Re: Regression: 8.3 2 seconds -> 8.4 100+ seconds

From: Greg Smith <greg(at)2ndquadrant(dot)com>
To:
Cc: Francisco Reyes <lists(at)stringsutils(dot)com>, Pgsql performance <pgsql-performance(at)postgresql(dot)org>
Subject: Re: Regression: 8.3 2 seconds -> 8.4 100+ seconds
Date: 2010-12-29 02:20:02
Message-ID: 4D1A9AD2.90706@2ndquadrant.com
Views: Raw Message | Whole Thread | Download mbox | Resend email
Thread:
Lists: pgsql-performance

Reviving a thread from two months ago...Francisco asked about a query
that was much slower in 8.3 at
http://archives.postgresql.org/message-id/cone.1288183283.263738.5695.1000@shelca

There was some theorizing about a stats problem. I've now pulled
pg_stats data from the production server, and that alone doesn't seem to
be enough to account for what's hapenning. Robert asked a good question
at
http://archives.postgresql.org/message-id/AANLkTi=VotmtMz5tYcnQ_5nDhZmsvp_9oYq43FF+qjnn@mail.gmail.com
that never was followed up on. That specificially is what I'm still
confused about, even after collecting a lot more data from this system,
so continuing from there:

Robert Haas wrote:
> This part looks really strange to me. Here we have a nested loop
> whose outer side is estimated to produce 33 rows and whose [inner] side
> is estimated to produce 2 rows. Given that, one would think that the
> estimate for the loop as a whole shouldn't be more than 33 * 2 = 66
> rows (or maybe a bit more if 33 is really 33.4999 rounded down, and 2
> is really 2.49999 rounded down). But the actual estimate is 5 orders
> of magnitude larger. How is that possible?

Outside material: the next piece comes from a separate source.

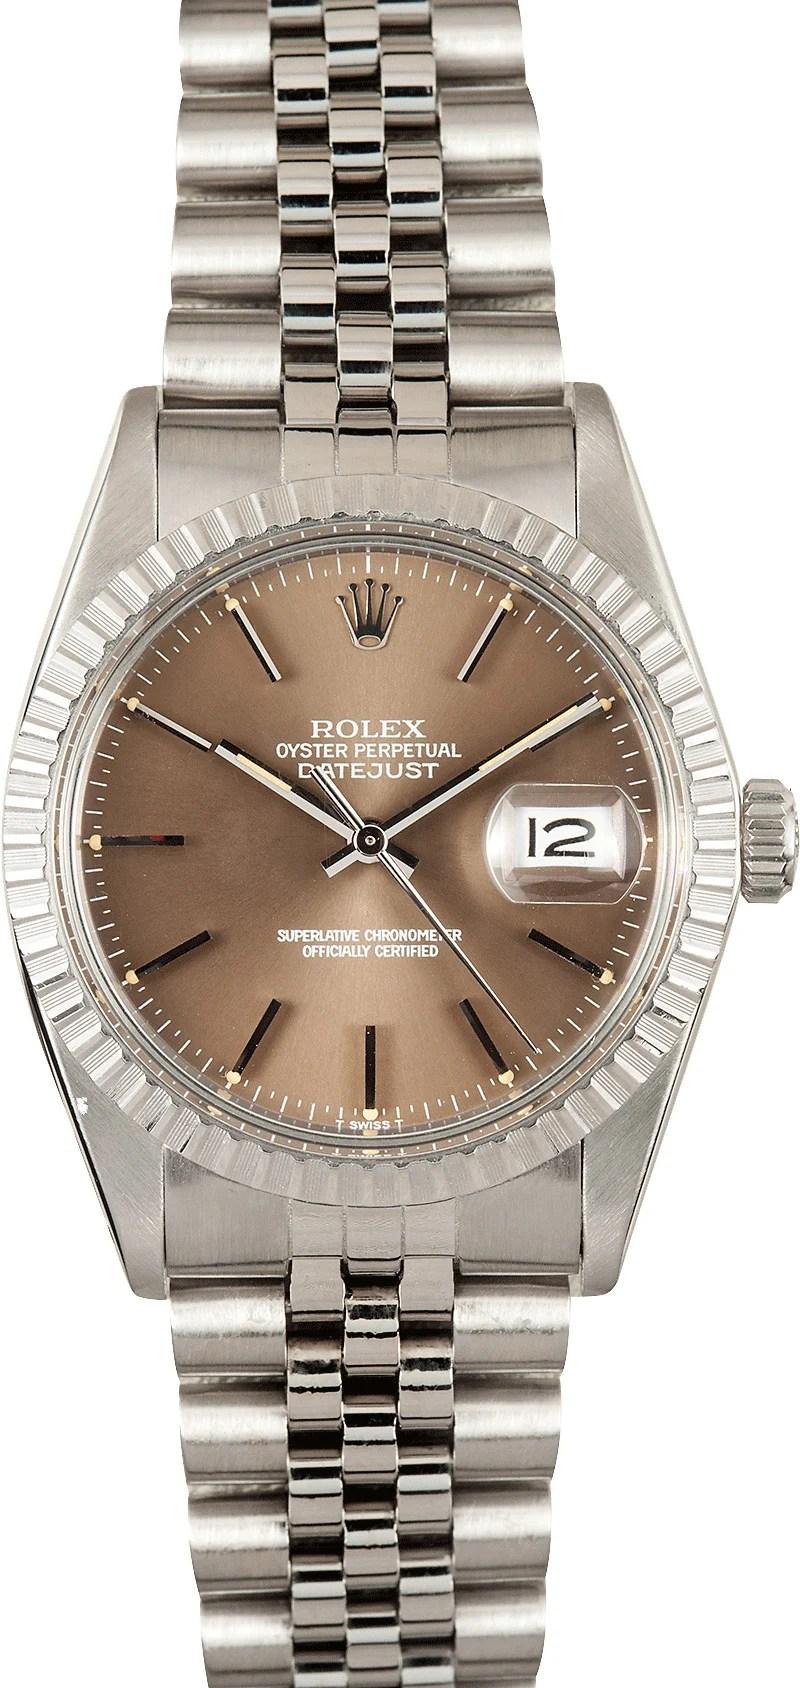 Mens Rolex Datejust 16030 Bronze Dial Buy Rolex At Bobs

That part stuck out to me too. I have no idea how that particular bit
of Nested Loop ends up with that giant count for estimated output rows.
I thought it would be about 33 * 2 too, so how is that turning into an
estimate of 2434522 output rows? I believe this is the part that's
executing "cards.useraccount IN".

Here's a cut-down subset of the query that just does the suspicious part
without any nodes above it, run on the 8.4 system having the problem.
This is basically the same plan that was seen in a lower-level node
before, just the number of matching rows for the one loop has gone from
33 to 34 due to more data being added to the table since the previous
run. I think it's easier to follow the logic it's trying to execute
when simplified like this:

SELECT
members.membid
FROM cards
WHERE cards.useraccount IN
(SELECT useraccount FROM cards WHERE membid IN
(SELECT membid from members where commonid = 3594)
)
;

Nested Loop (cost=303.01..742.28 rows=2469120 width=4) (actual
time=0.066..0.082 rows=2 loops=1)
-> HashAggregate (cost=303.01..303.35 rows=34 width=29) (actual
time=0.048..0.048 rows=2 loops=1)
-> Nested Loop (cost=11.86..302.93 rows=34 width=29) (actual
time=0.034..0.045 rows=2 loops=1)
-> HashAggregate (cost=11.86..12.20 rows=34 width=4)
(actual time=0.023..0.024 rows=2 loops=1)
-> Index Scan using members_commonid on members
(cost=0.00..11.77 rows=34 width=4) (actual time=0.014..0.016 rows=2 loops=1)
Index Cond: (commonid = 3594)
-> Index Scan using cards_membid on cards
(cost=0.00..8.54 rows=1 width=33) (actual time=0.009..0.010 rows=1 loops=2)
Index Cond: (public.creditcards.membid = members.membid)
-> Index Scan using cards_useraccount on cards (cost=0.00..12.88
rows=2 width=33) (actual time=0.015..0.016 rows=1 loops=2)
Index Cond: (public.cards.useraccount = public.cards.useraccount)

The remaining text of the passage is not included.